I cried.  What was happening to me?  Had I gone too long without sex and this was the result?  Was someone, somehow molesting me while I slept?  That idea was scary; however I rejected it right away.  No, they were dreams and I’ve been masturbating in my sleep.  That had to be it.  Except, where had my panties gone?

I looked up to see Jonathan looking back at me.  “Fuck you, Master Jonathan,” I yelled at the portrait.  Thankfully, he didn’t yell back.  I didn’t sleep any more.

 

I called in sick, unable to think straight, never mind doing some work.  I didn’t know how I could continue to function without proper sleep.  Matilda fussed over me, offering dozens of folk remedies for my feigned illness.  After some breakfast, I wandered the grounds.  I walked in the direction Ferguson had pointed, determined to find the horse barn.  He’d mentioned a fire, however he hadn’t elaborated.  I’d see for myself.

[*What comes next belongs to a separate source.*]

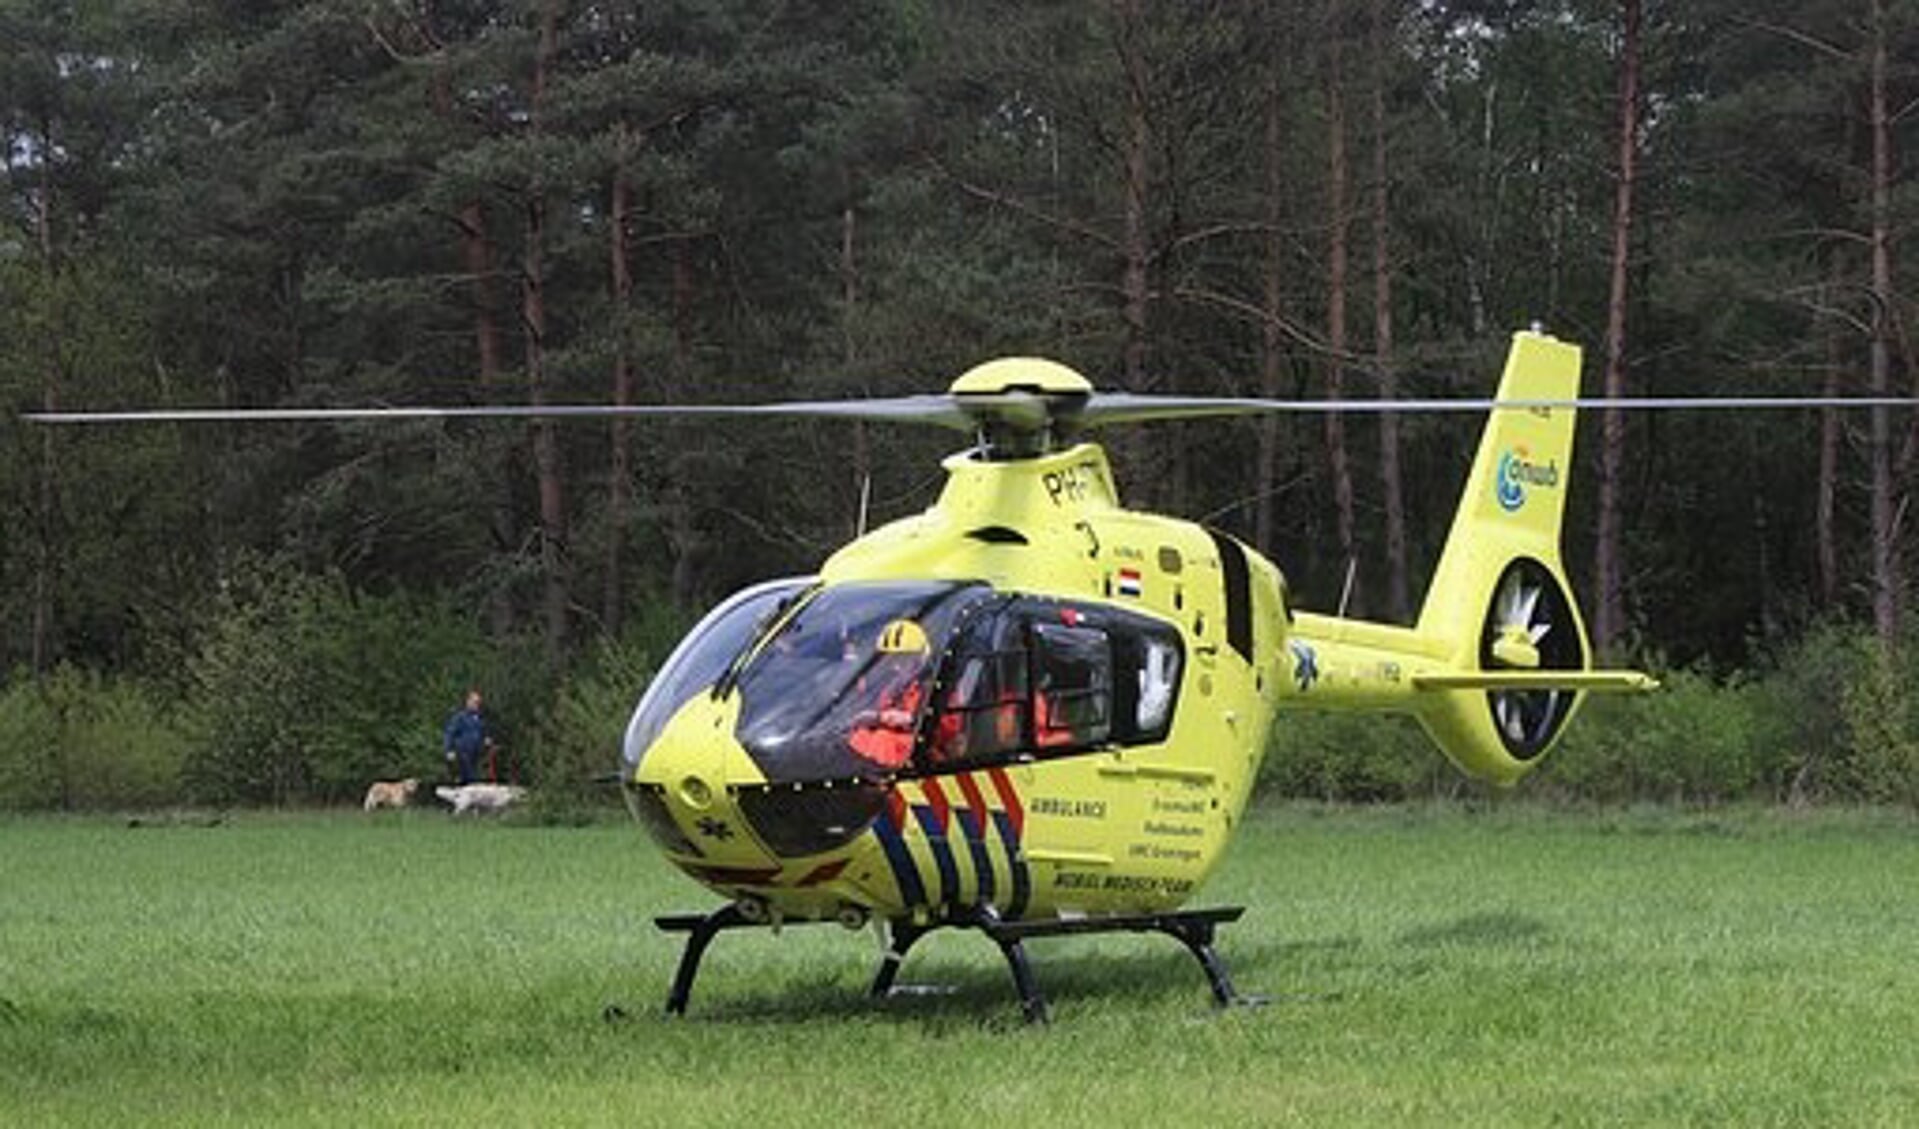 De traumahelikopter werd opgeroepen voor een ongeval op de Bergsebaan waarbij een motorrijder gewond raakte.

When I eventually came upon the structure, I saw evidence of a fire though the barn was remarkably in good shape.  I walked into the barn.  The smell of hay and horses was still evident.  I closed my eyes and tried to imagine how it must have been when horses were kept here.  I noticed a ladder that went up to a hay loft, and decided to climb up, testing it first.  It seemed sturdy enough, so up I went.

The hay up there still smelled surprisingly fresh.  I lay down on one pile, placing a piece of straw between my teeth.  There, I thought, now I’m really a farmer’s daughter, so where’s the proverbial travelling salesman?

Since I’d been without much sleep, I immediately dozed off.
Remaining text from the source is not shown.